Fred_DM: isn't that what happens to every game that tries to go up against World of Warcraft?
I think the problem is that a lot of MMOs tried to go up against WoW by essentially out WoW-ing WoW. As games like Guild Wars 2, EVE and Tera Online show, you can still be successful in a market with WoW present; the only key thing is to not try to copy WoW.
Tizzysawr: I don't see it as a huge issue even when I play SWTOR myself. It's not really a signal that the game sucks (Though it is not without its issues or glaring omissions), but more of a result of the current MMO landscape where there are too many games competing for too few gamers.

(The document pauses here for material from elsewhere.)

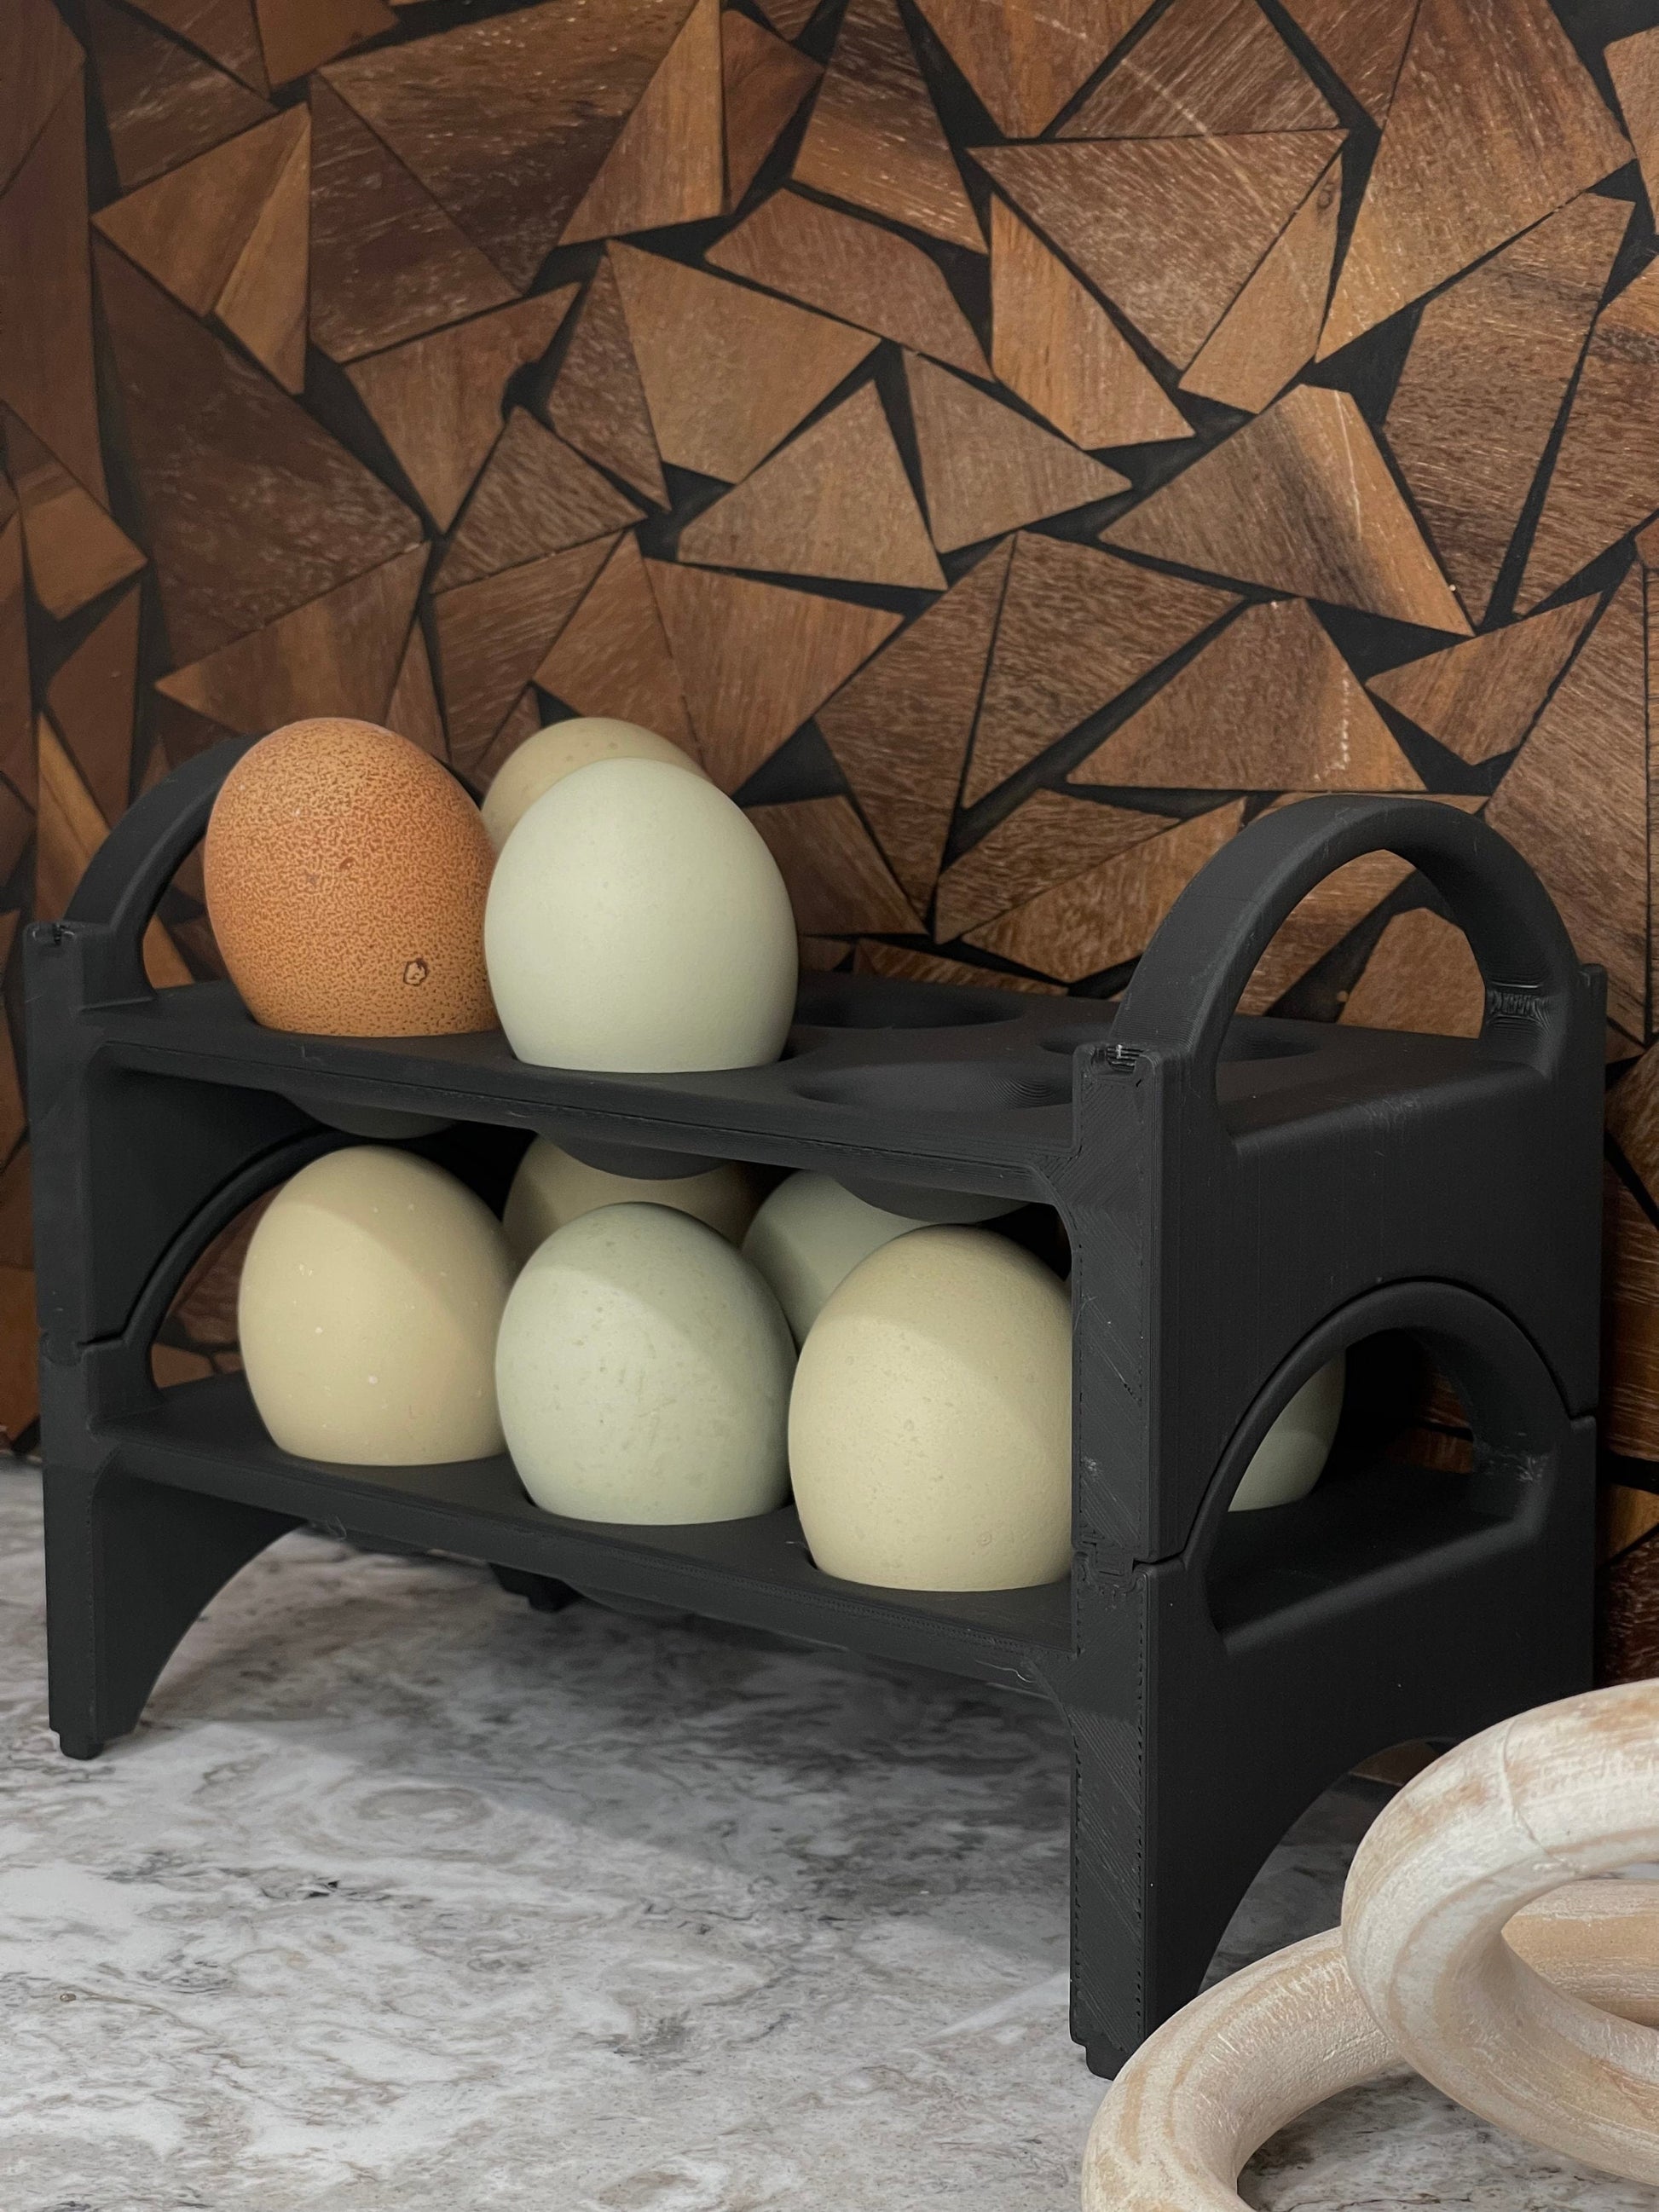 Stackable Egg Holder for your Countertop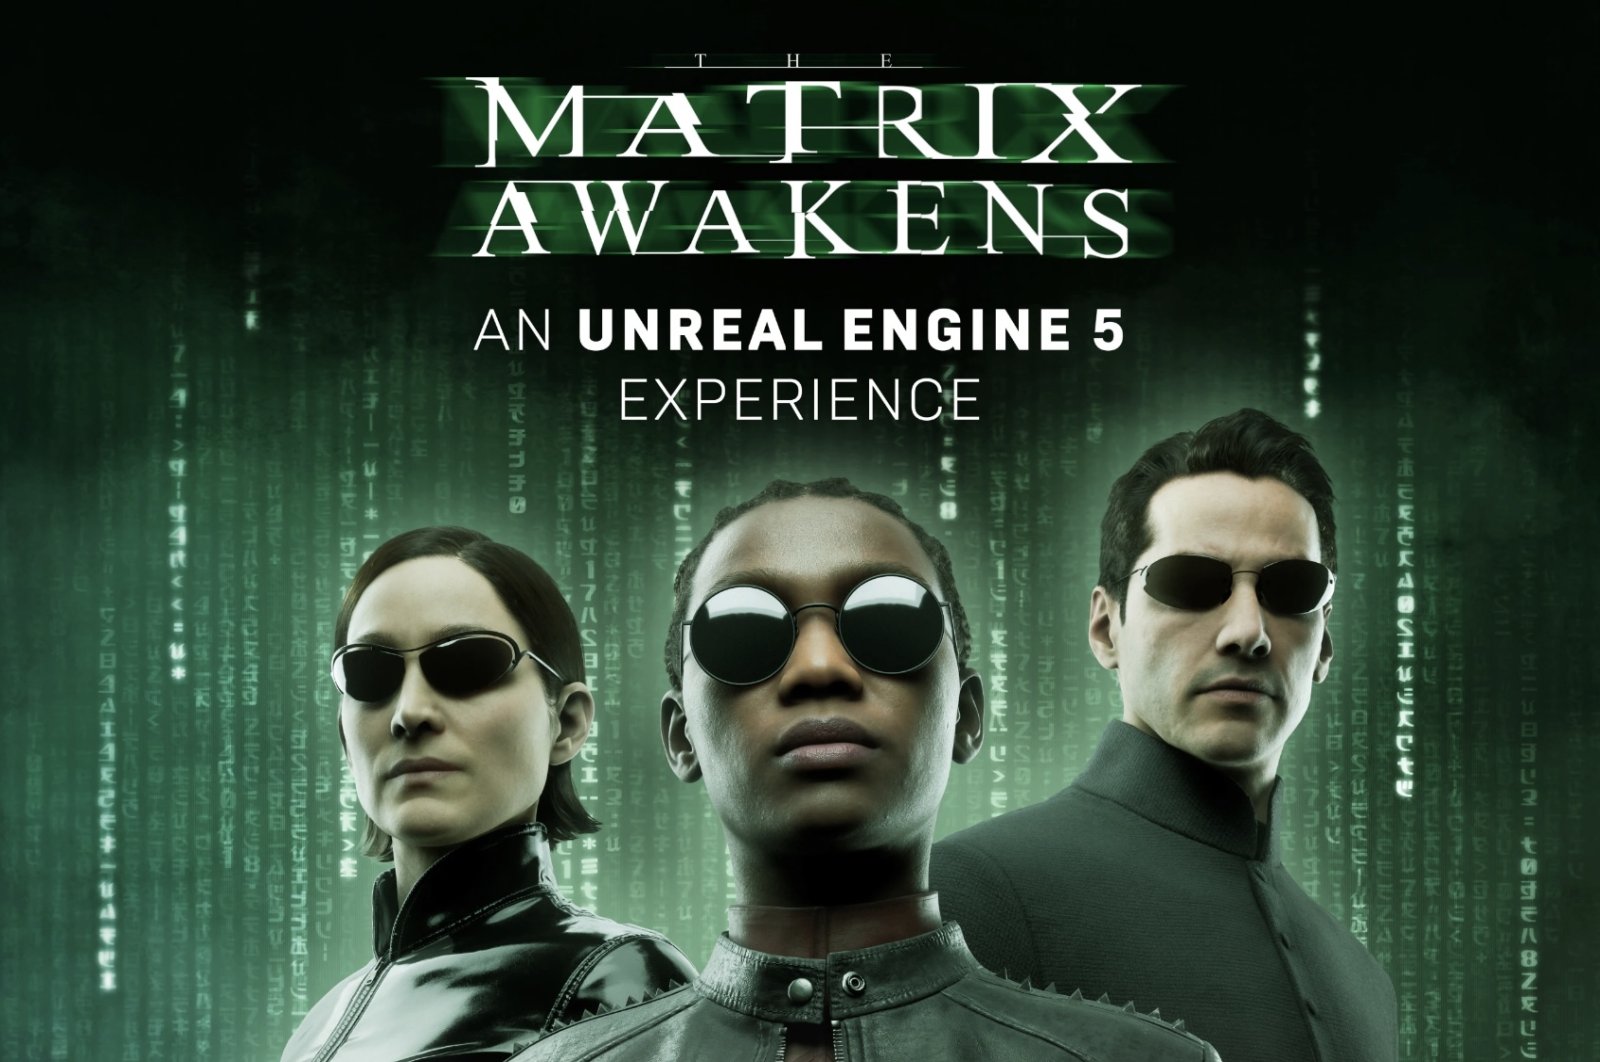 The promotional poster for the Matrix Awakens (Photo courtesy of Epic Games and Warner Bros.)

In other words, the bubble is kind of about to burst. Come back in a couple of years and there will only be a few big MMOs, many will have died (Age of Conan and Vanguard, for example) and many more will have gone F2P in attempts to stay afloat, some of them also dying after that. I do believe, however, that a few of them will still be around and relatively big (GW2, SWTOR, WoW, EVE and RIFT, for example), but the amount of MMOs released a year will greatly decrease (And that's a good thing - Remember when the launch of a MMO was an event?) and most will stop trying to be "WoW killers"; instead aiming for smaller numbers (1-2 million subscribers is more than enough to keep most games both afloat and with constant updates; RIFT is said to be doing fine with about 700k though that's just a wild estimate).
I think the bubble already has burst. The fact that WoW is chronically bleeding subscriptions, and the discouraging numbers seen with SW:TOR (the "last of the WoW-type MMOs") are proof positive of that.